Toplumda cezasızlık algısına hizmet eden bazı kötü örneklerle maalesef karşılaşıldığını kaydeden Erdoğan, "Bunların oranını en aza indirebilmek için yürütme ve yasama olarak üzerimize ne düşünüyorsa yapmanın gayretindeyiz. Şunu çok net vurgulamak isterim. Suç işleyenin milletin malına, mülküne, namusuna ve canına kast edenin yeri sokaklar değildir, sonra raddeye kadar cezasını çekeceği hapishanelerdir. Şayet burada bir sıkıntı veya eksik varsa gidermek boynumuzun borcudur" açıklamasını yaptı.
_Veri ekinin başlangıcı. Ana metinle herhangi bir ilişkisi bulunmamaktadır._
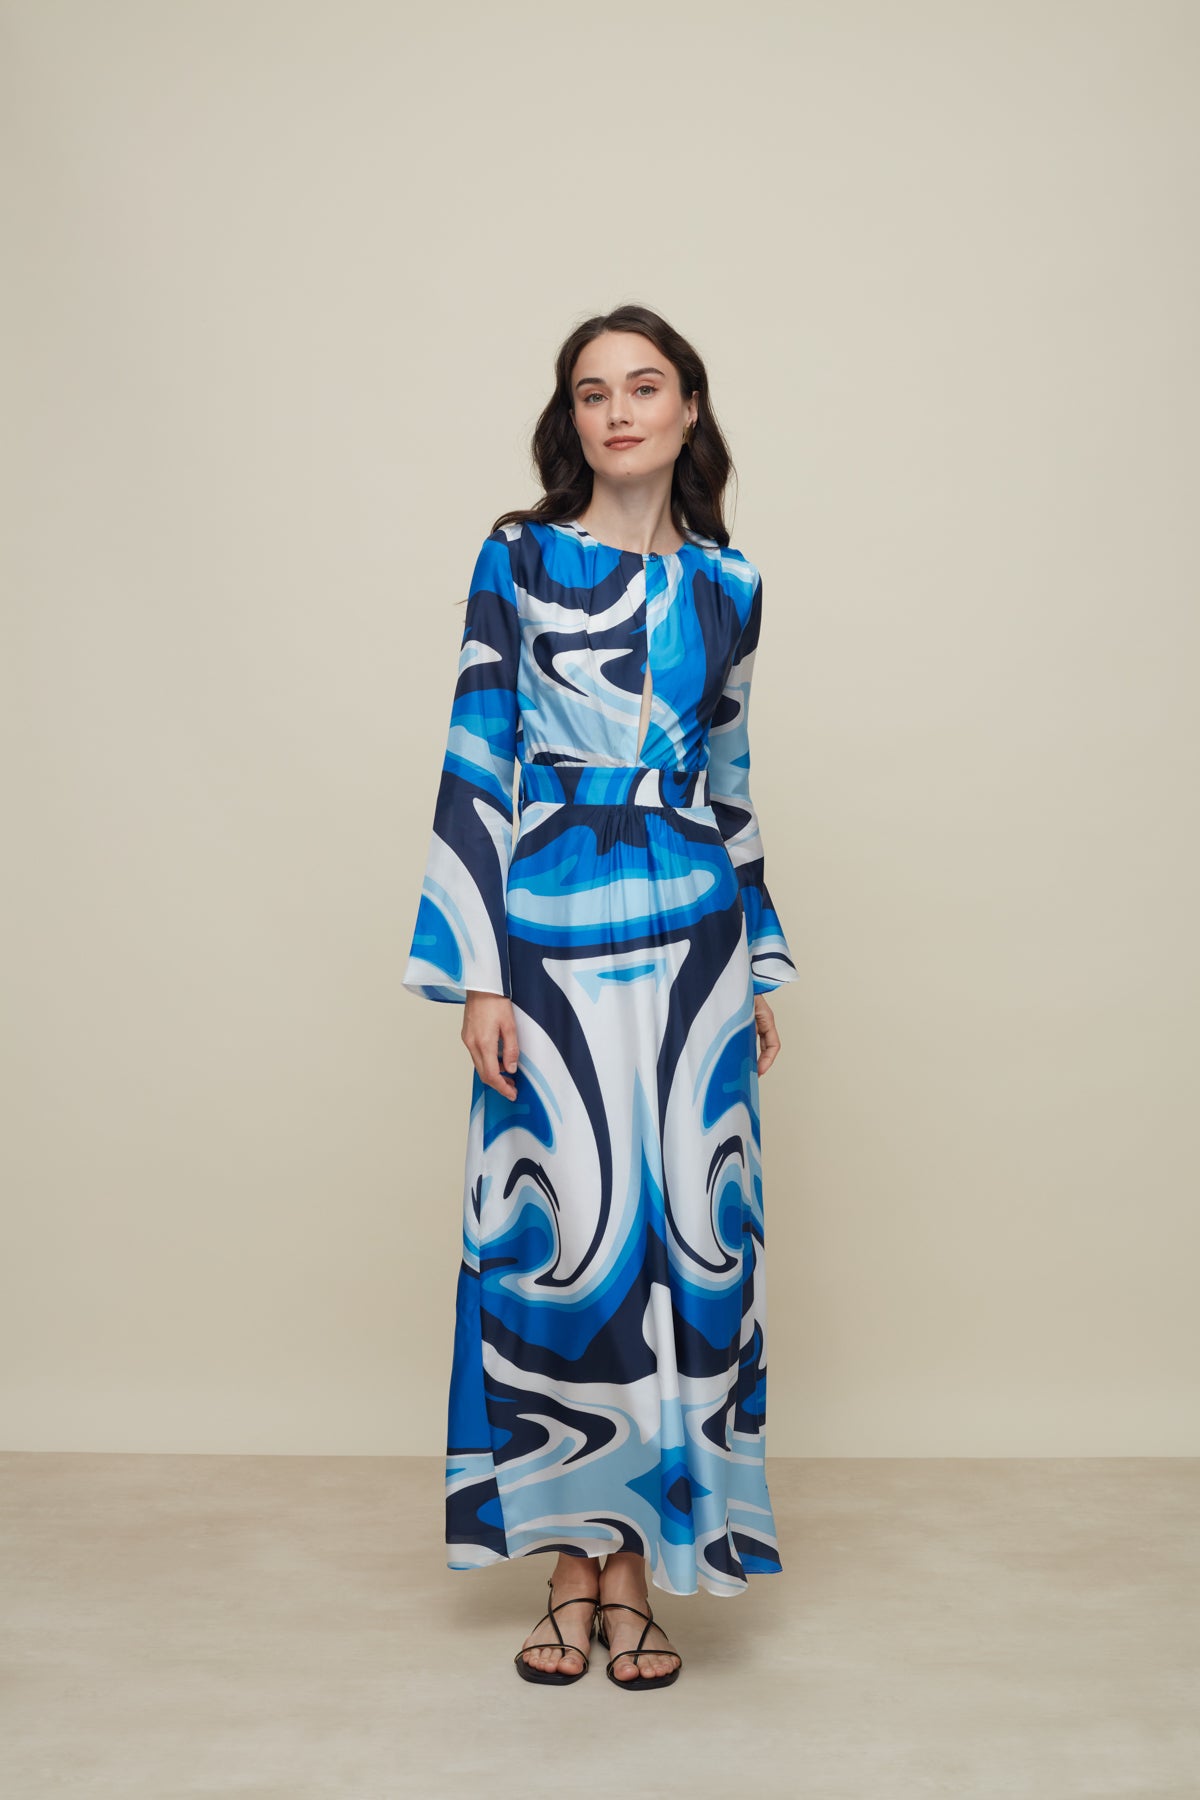 Galeria-Lavander Liquid Blue Silk Dress-Justbrazil

"Operasyon aygıtına dönüştüler"

Erdoğan, sosyal medya mecralarıyla ilgili, "Tabii bunu söylerken vicdan tartısında hiçbir ağırlığı olmayan art niyetli kampanyaları reyting ve etkileşim uğruna yürütülen gösterileri ayrı tutuyorum. Hiçbir kuralın değerin ahlaki sınırın olmadığı sosyal medyada mecraları giderek büyük bir operasyon aygıtına dönüşmeye başladı. Etkileşim odaklı yeni medya düzeninin en kurbanı ne yazık ki adaletin temel ilkeleri olmuştur. Sanal alemde karşılıklı mevzilenmiş infaz mangaları her gün hedef tahtasına konacak bir şahıs bir olay ve kurum mutlaka buluyorlar. Masumiyet karinesinin ihlal edilmesinden aşırı genellemelere hakim ve savcılarımızın hedef gösterilmesine itibar suikastlarına varıncaya kadar hukuk adına pek çok hukuksuzluğa imza atılıyor. Sadece adalet kurumuna değil, toplumun iç barışına da zarar veren bu furyanın hep birlikte önüne geçmemiz gerektiği kanaatindeyim. Adalet ve vicdan ölçüsünün başka hiçbir duygunun esiri olmaması için hızlı bir süreç yönteminin faydasına özellikle dikkat çekmek istiyorum” değerlendirmesinde bulundu.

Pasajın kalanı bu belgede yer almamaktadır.